Thursday, May 24, 2012
From an editorial in the New York Times:
Commissioner Raymond Kelly of the New York Police Department issued a weak statement last week on efforts to “increase public confidence” in the city’s abusive stop-and-frisk program, which ensnares hundreds of thousands of mainly minority New Yorkers every year. Mr. Kelly seems to believe that tinkering at the margins will cure the program’s constitutional flaws. It will not.

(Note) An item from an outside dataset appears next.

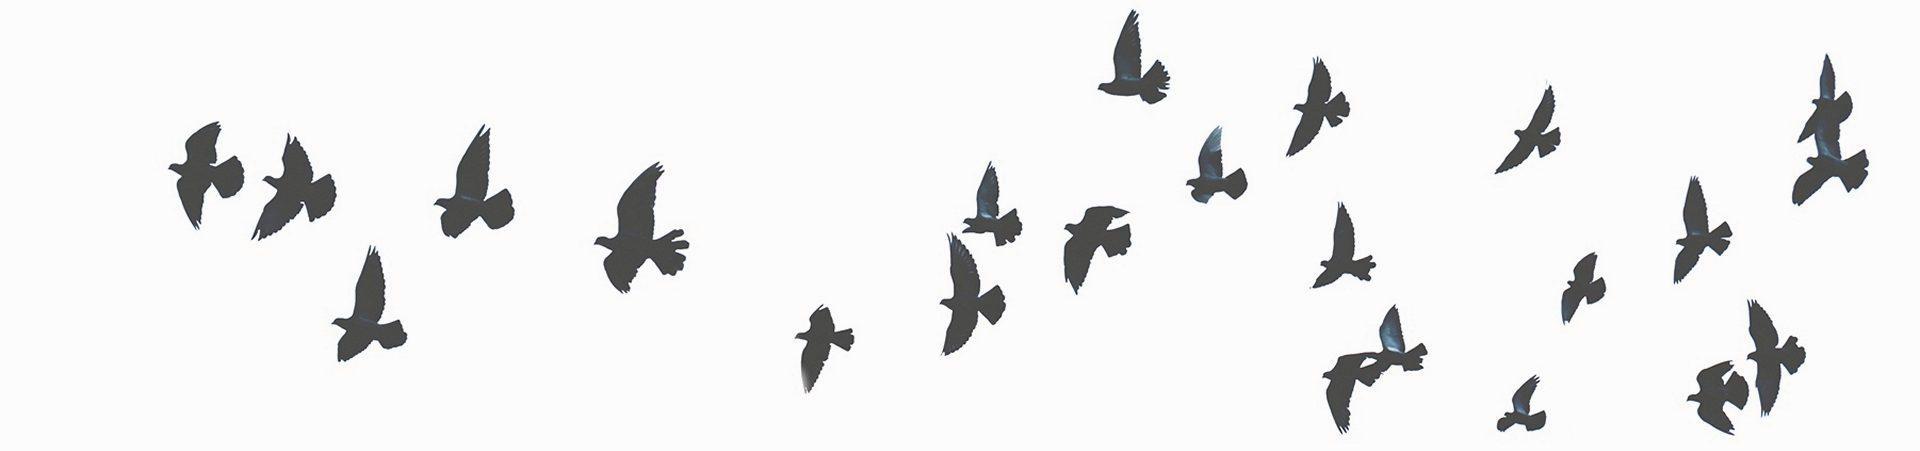 imagen-pajaros-volando

New York should learn from Philadelphia, where the stop-and-frisk policy was the subject of a 2010 class-action suit for racial discrimination and violations of Fourth Amendment guarantees of freedom from unreasonable searches and seizures. Like New York police officers, Philadelphia’s were accused of using race as the basis for stops. Philadelphia settled the suit, accepting a consent decree that explicitly defined and prohibited illegal stops and put in place a court-appointed monitor to oversee stop-and-frisk practices.
. . .
By pointing out the vague and unlawful criteria used to justify stops in New York, the court decision suggested a kind of road map to reform. In tens of thousands of cases, for example, officers reported “furtive movement.” They reported that other stops had taken place in “high crime areas,” when, in fact, some had not. And, in more than 10 percent of all stops, officers reported a “suspicious bulge” — suggesting a gun — in the clothing of people they stopped, but seized guns only 0.15 percent of the time.